### Exercise description:
Leave out the pictures and output the data verbatim.

### Available data:
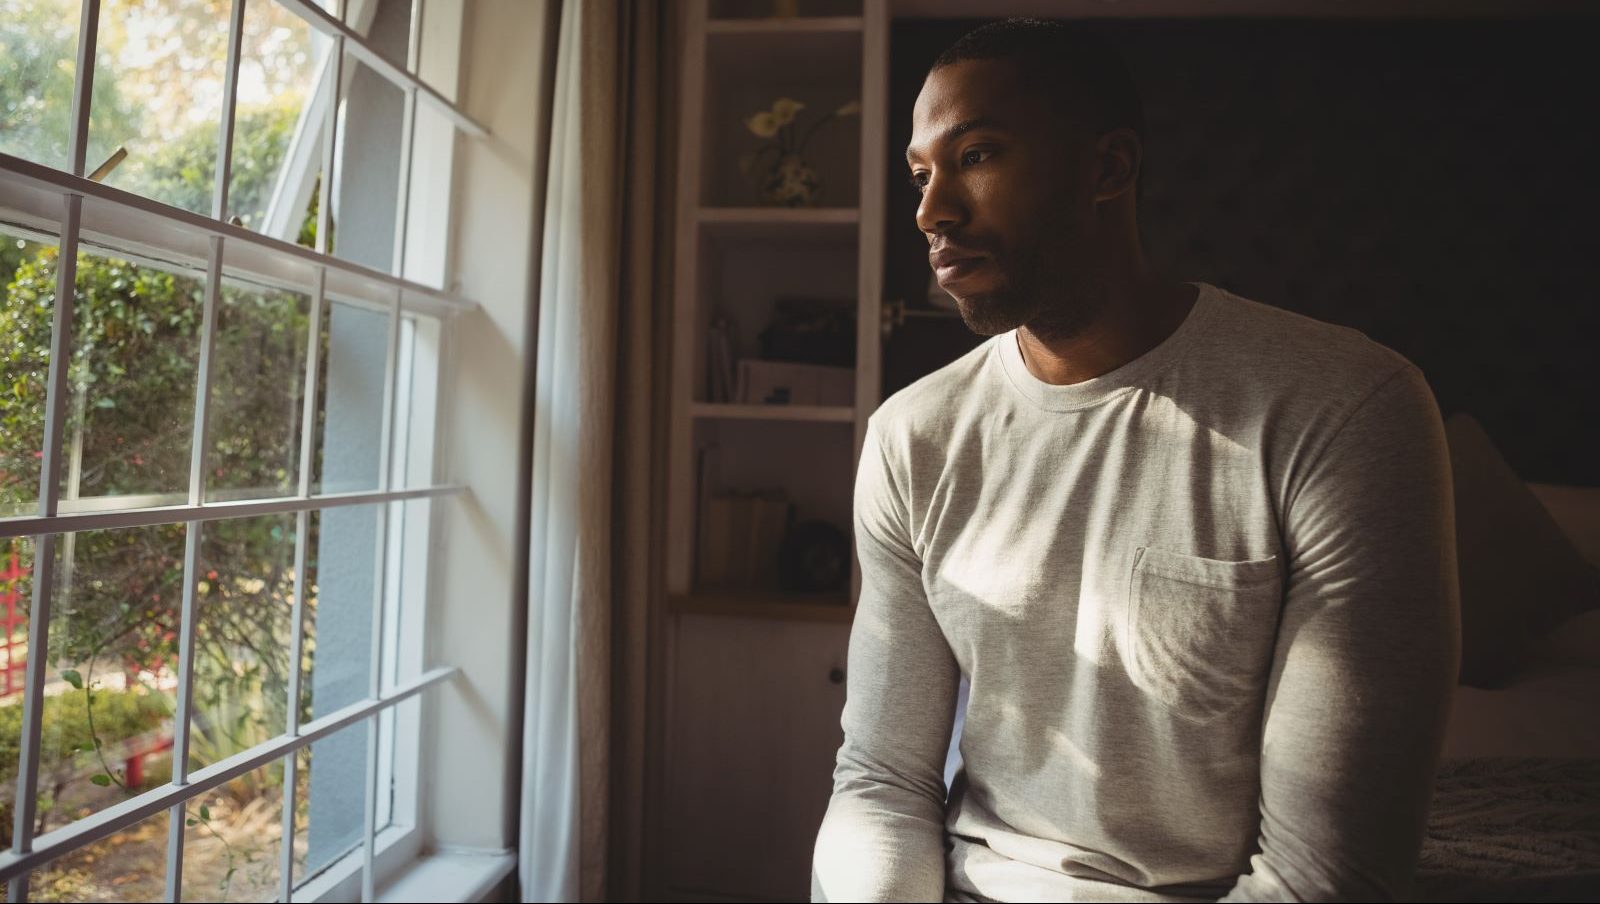 Depression and heart disease are a two-way street: If you have one, you’re more likely to have the other. What do men need to know?
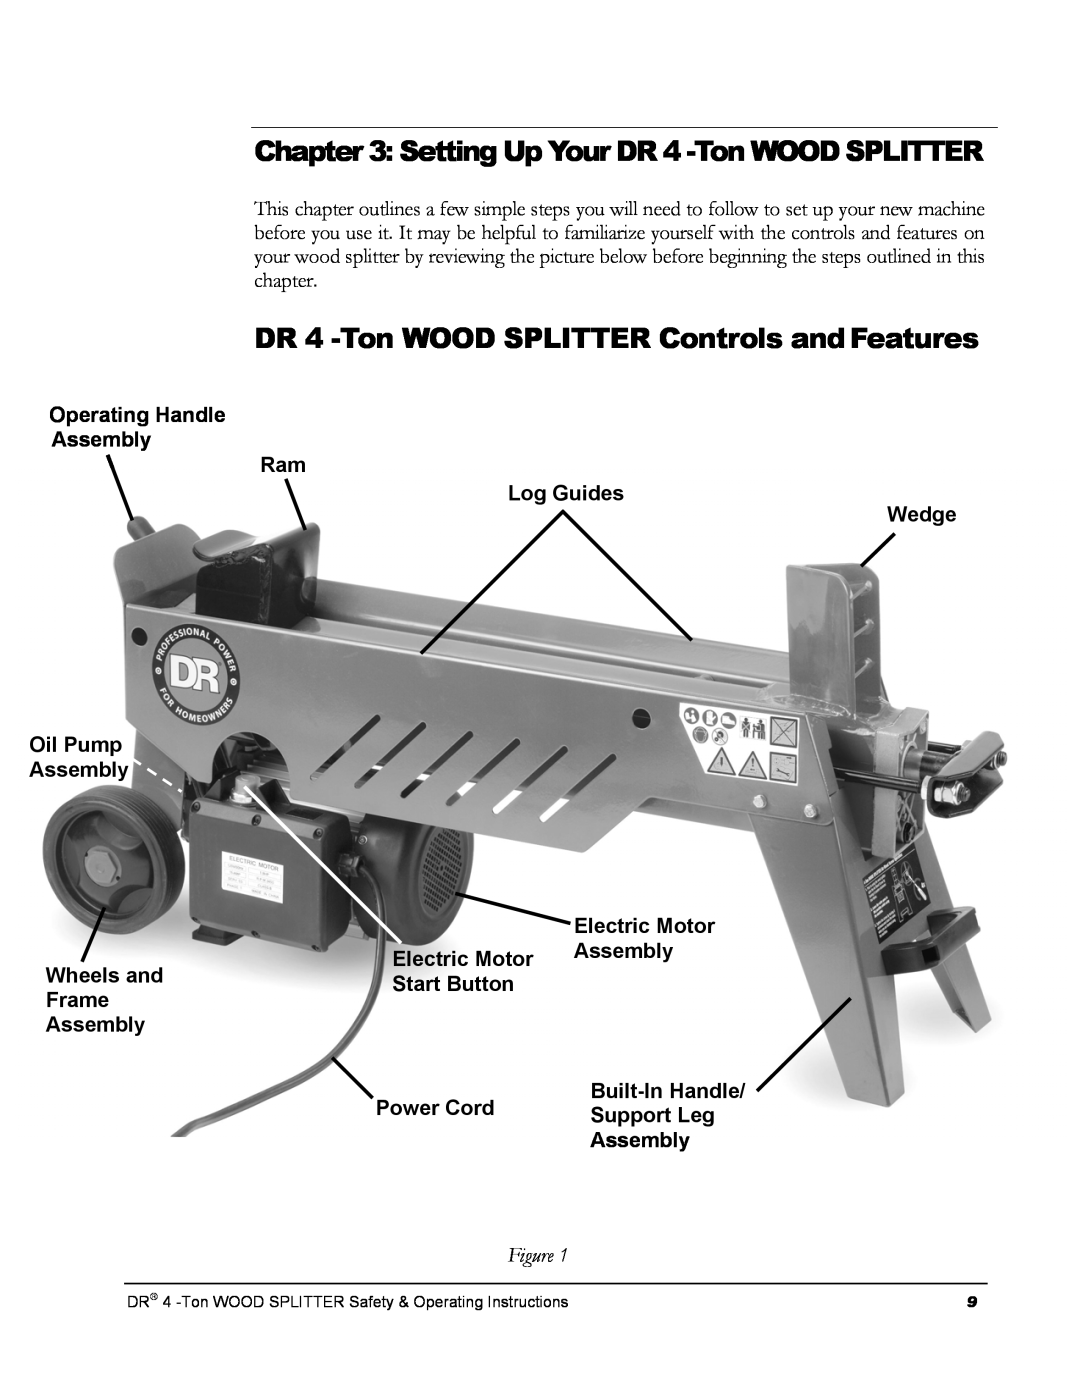 Country Home Products DR 4 -TON manual Setting Up Your DR 4 -TonWOOD SPLITTER, DR 4 -TonWOOD SPLITTER Controls and Features 
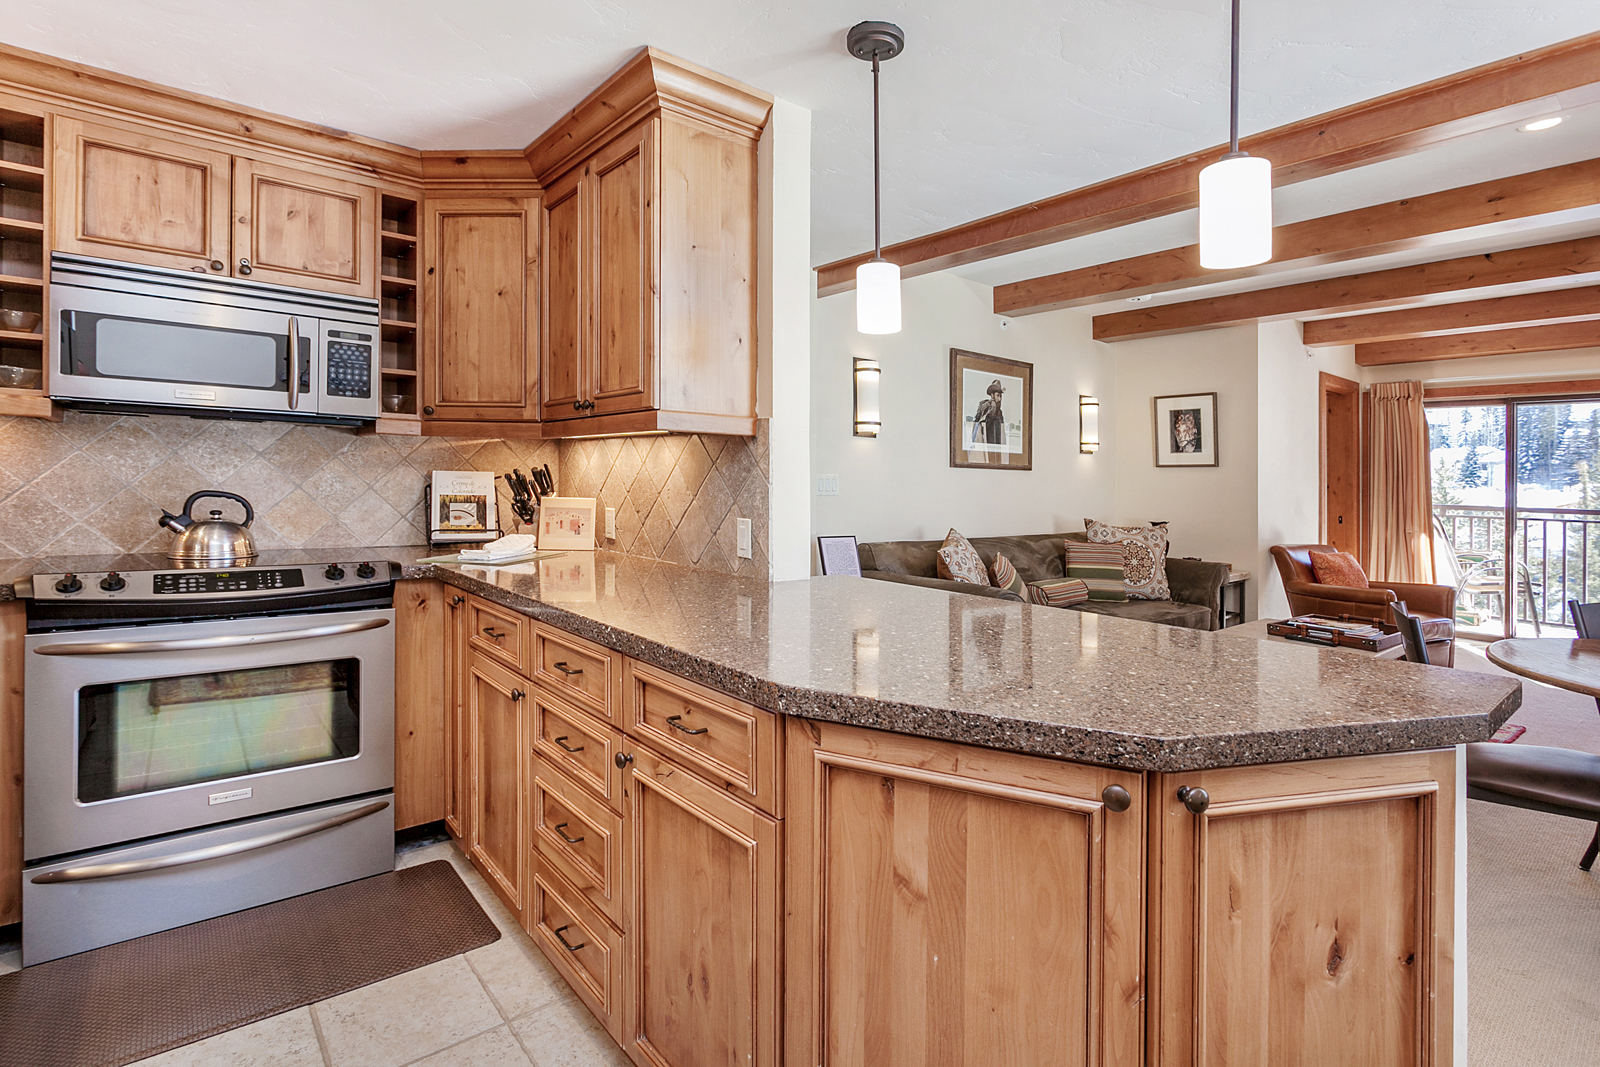 All Antlers guest suites include full kitchens and dining areas, allowing families to save by cooking and dining in the comfort of a home-like setting.

### Written reply:
 Depression and heart disease are a two-way street: If you have one, you’re more likely to have the other. What do men need to know?
 Country Home Products DR 4 -TON manual Setting Up Your DR 4 -TonWOOD SPLITTER, DR 4 -TonWOOD SPLITTER Controls and Features 
 All Antlers guest suites include full kitchens and dining areas, allowing families to save by cooking and dining in the comfort of a home-like setting.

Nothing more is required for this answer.